In the malaria parasite, gene regulation is heavily dependent on mechanisms acting at the post- transcriptional and translational levels. More importantly, Plasmodium possesses many atypical characteristics in both pathways when compared to its human host. These unusual features hence extend our therapeutic window against this deadly parasite, yet these characteristics have been poorly explored at the molecular level. The main goal of this project is to characterize the role of newly identified apicomplexan-specific RNA- binding proteins {RAPs) in parasite development and virulence, and to validate their potential as novel drug targets. The fact that Plasmodium parasites modulate part of his gene expression at the post-transcriptional level was inspired by many early studies that demonstrated that the global proteomic profiles often lagged behind the transcriptional profiles. Our newly published large-scale bioinformatics reinforce this conjecture as we determined that at least 18% of all coding-gene are predicted to be potential RNA binding domain-containing protein (RBP). Furthermore, many of these parasite RBPs were experimentally shown to interact in situ with mRNAs. In all eukaryotic organisms, RBPs are essential to regulate mRNA processing at multiple levels including splicing, transport, mRNA stability and turnover, as well as mRNA localization and translational efficiency. In the human malaria parasite, very few RBPs have been characterized. We propose to address this knowledge gap by examining the function of the parasite specific RNA-binding domain proteins abundant in Apicomplexans, or RAPs. More specifically, we will use state-of-the-art genomics, molecular, and cellular approaches to determine the role of the 21 identified RAPs in parasite development and survival.

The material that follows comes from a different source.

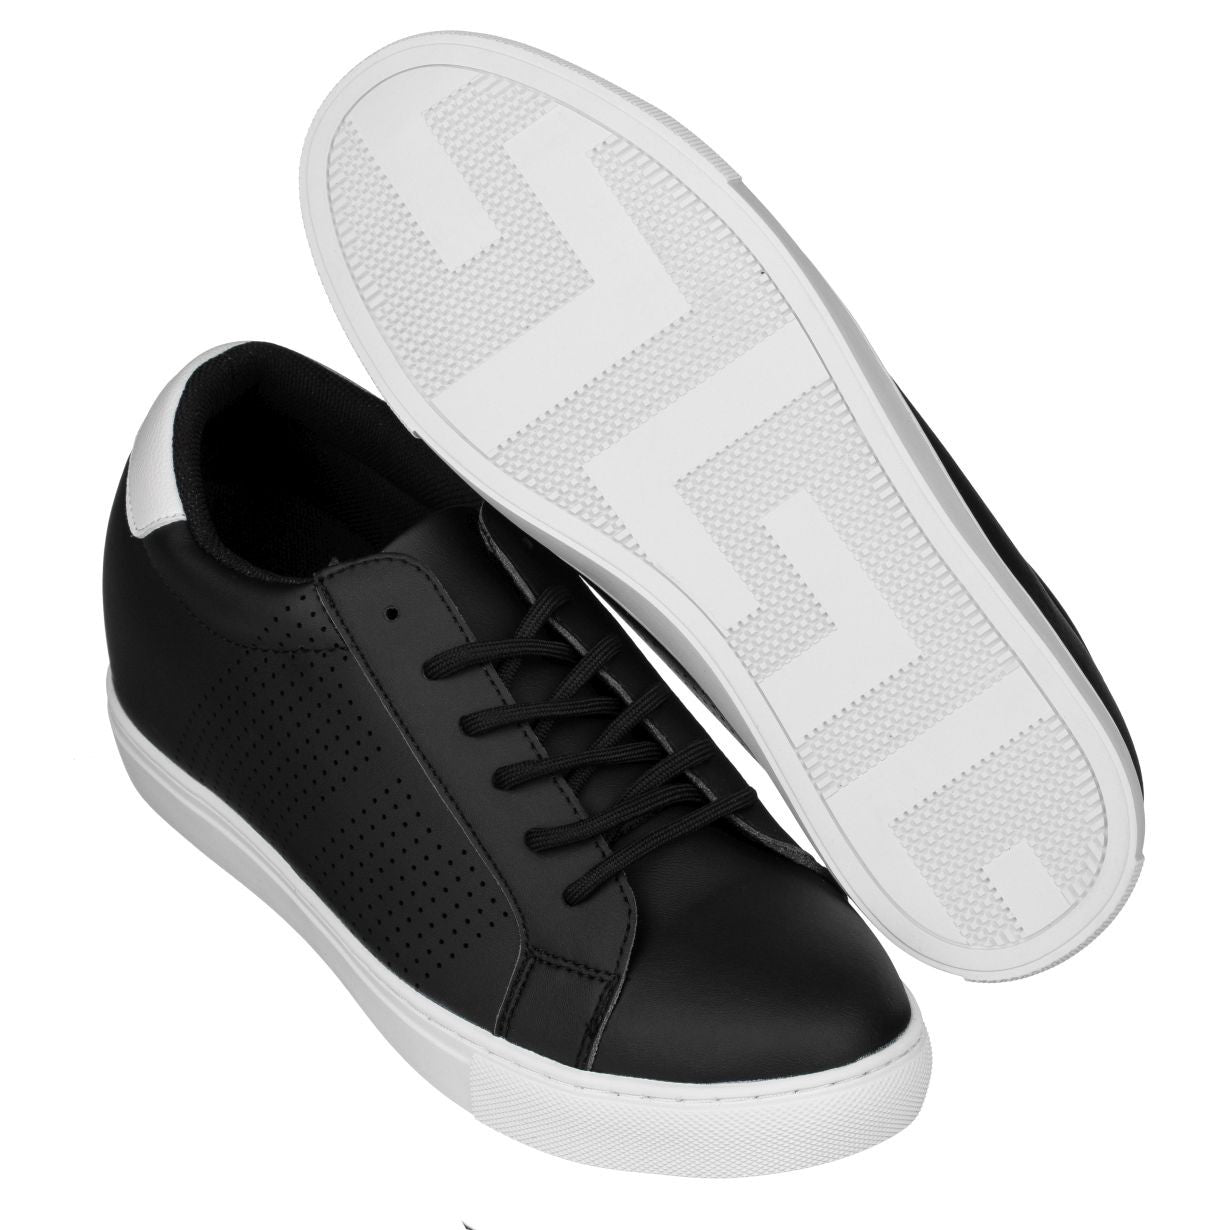 Elevator shoes height increase CALTO - H0831 - 2.6 Inches Taller (Black) - Lightweight

In Aim 1, we will characterize the essentiality, subcellular localization and phenotypes of RAPs in P. falciparum across different developmental stage using novel CRISPR/Cas9 approaches.

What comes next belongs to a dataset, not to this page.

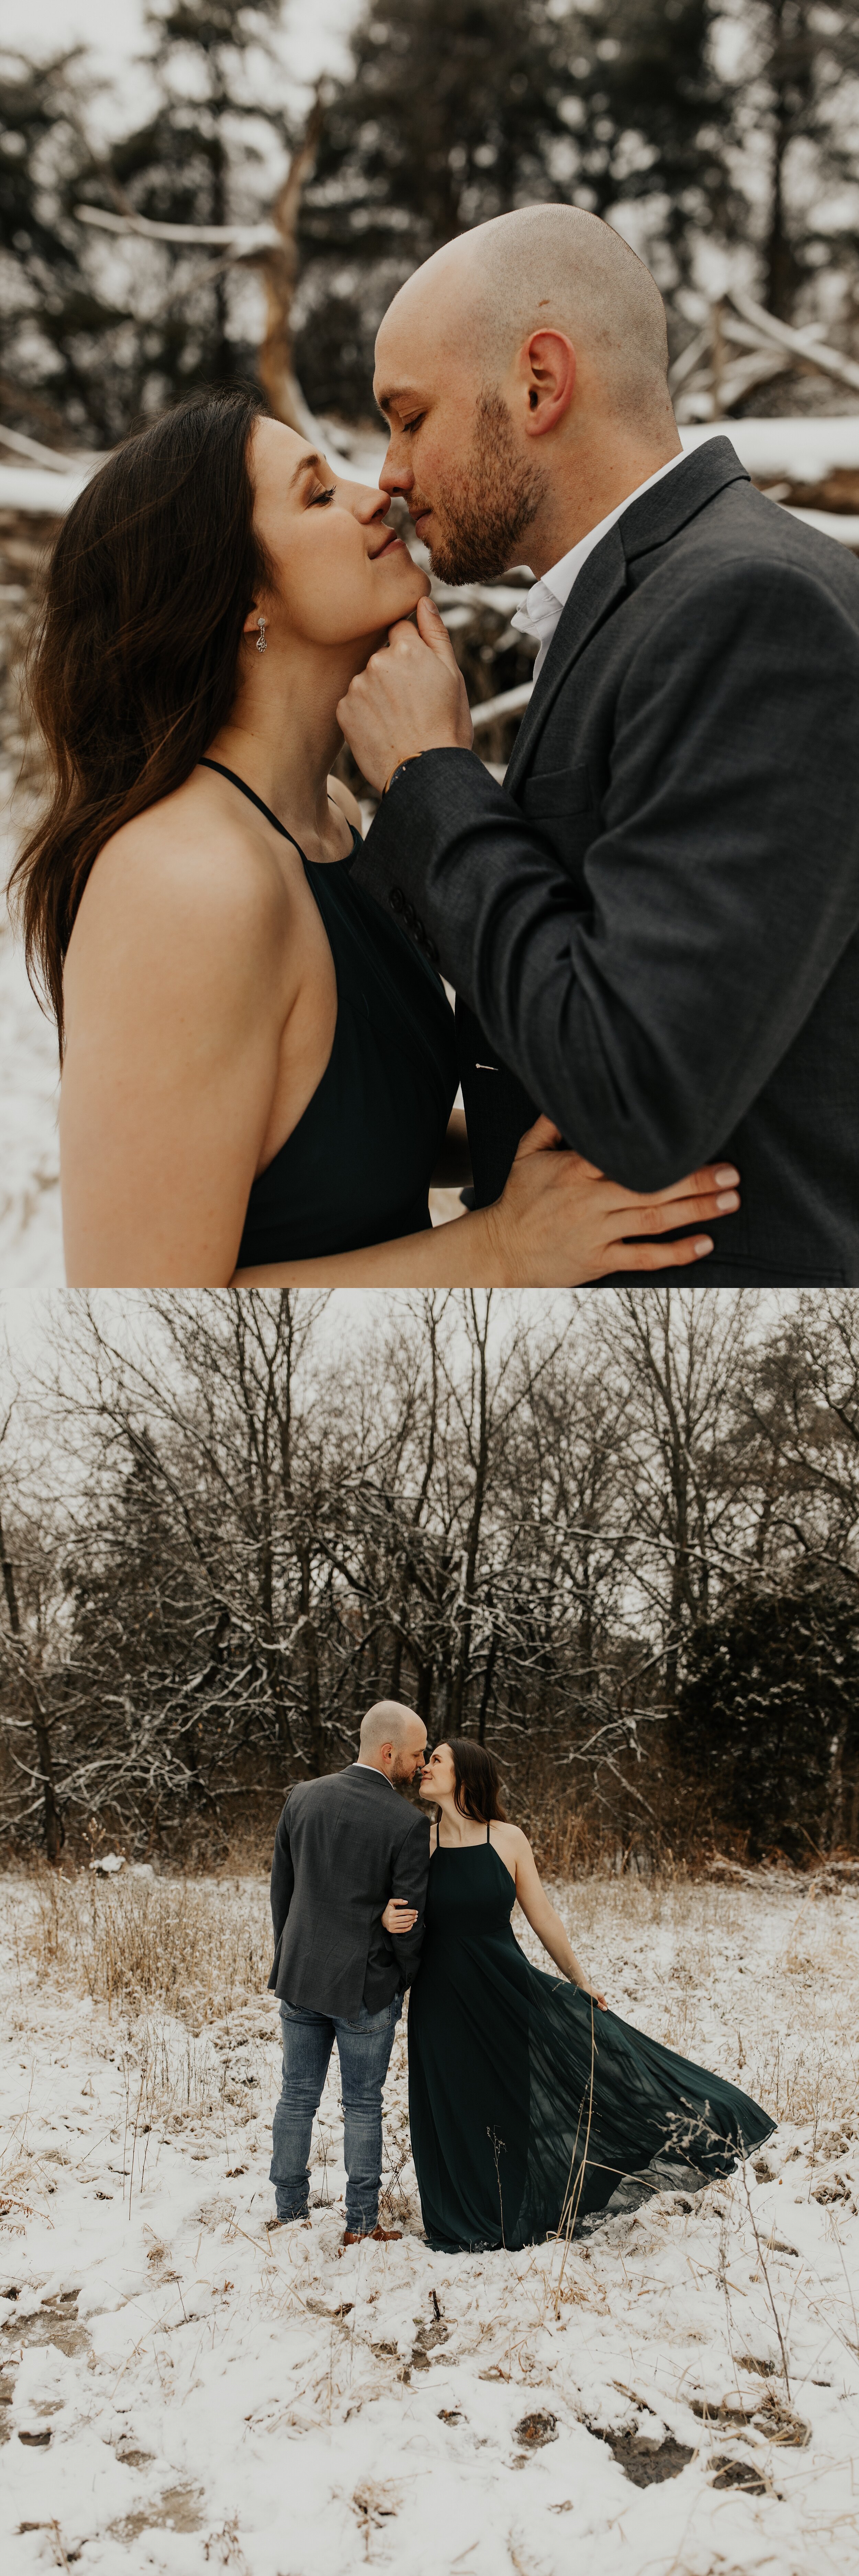 jessika-christine-photography-outdoor-engagement-couples-snow-adventurous-session (5).jpg
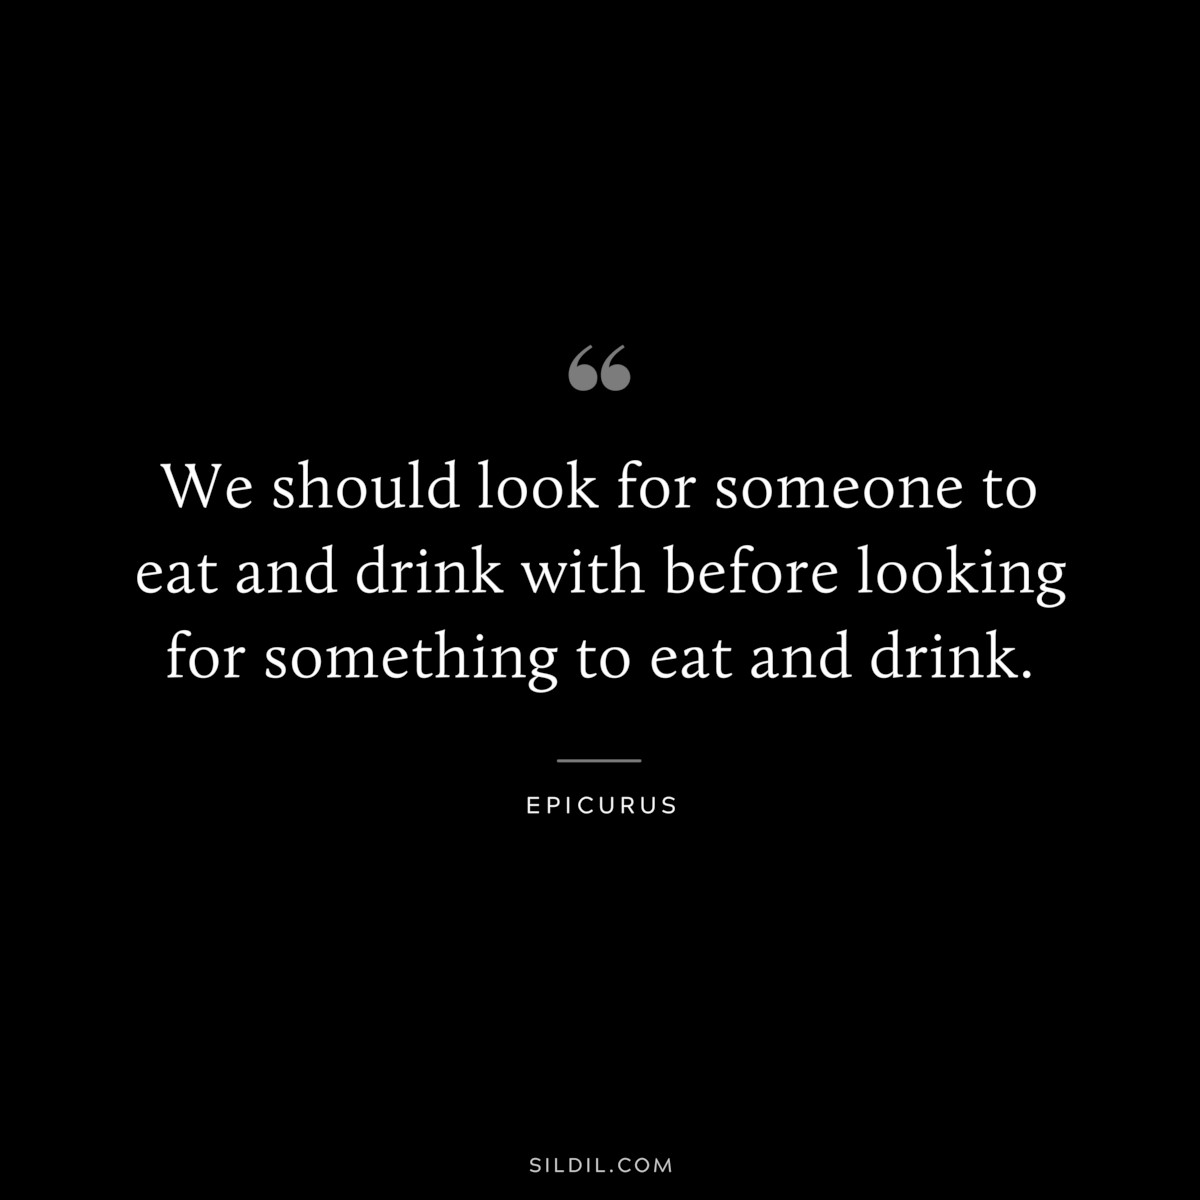 We should look for someone to eat and drink with before looking for something to eat and drink. — Epicurus

In Aim 2, we will define the global RAP- related ribonucleoprotein interaction network across various parasite developmental stages by developing high-throughput sequencing technologies and pull-down strategies followed by mass spectrometry analysis. Our complementary approaches will not only identify key specific RBPs contributing to parasite development, but also uncover unique post-transcriptional networks in a eukaryotic human pathogen. By providing fundamental insights into mechanisms regulating translation in Plasmodium, this project will improve our ability to design new drugs and novel lines of defense against malaria and many other infectious disease agents.

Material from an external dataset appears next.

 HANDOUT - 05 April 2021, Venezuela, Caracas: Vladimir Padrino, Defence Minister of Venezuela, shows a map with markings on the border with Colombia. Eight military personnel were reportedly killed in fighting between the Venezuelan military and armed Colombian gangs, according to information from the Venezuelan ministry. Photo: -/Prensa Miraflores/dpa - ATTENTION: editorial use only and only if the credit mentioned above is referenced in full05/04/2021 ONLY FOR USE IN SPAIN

Apicomplexan parasites, such as Plasmodium, possess many atypical characteristics compared to their human host in both of the post-transcriptional and translational pathways regulating gene and protein expression. This project is designed to characterize at the molecular level, apicomplexan-specific mRNA-binding proteins (RAPs) that are essential to the parasite development throughout its infectious cycle and validate them as new drug targets.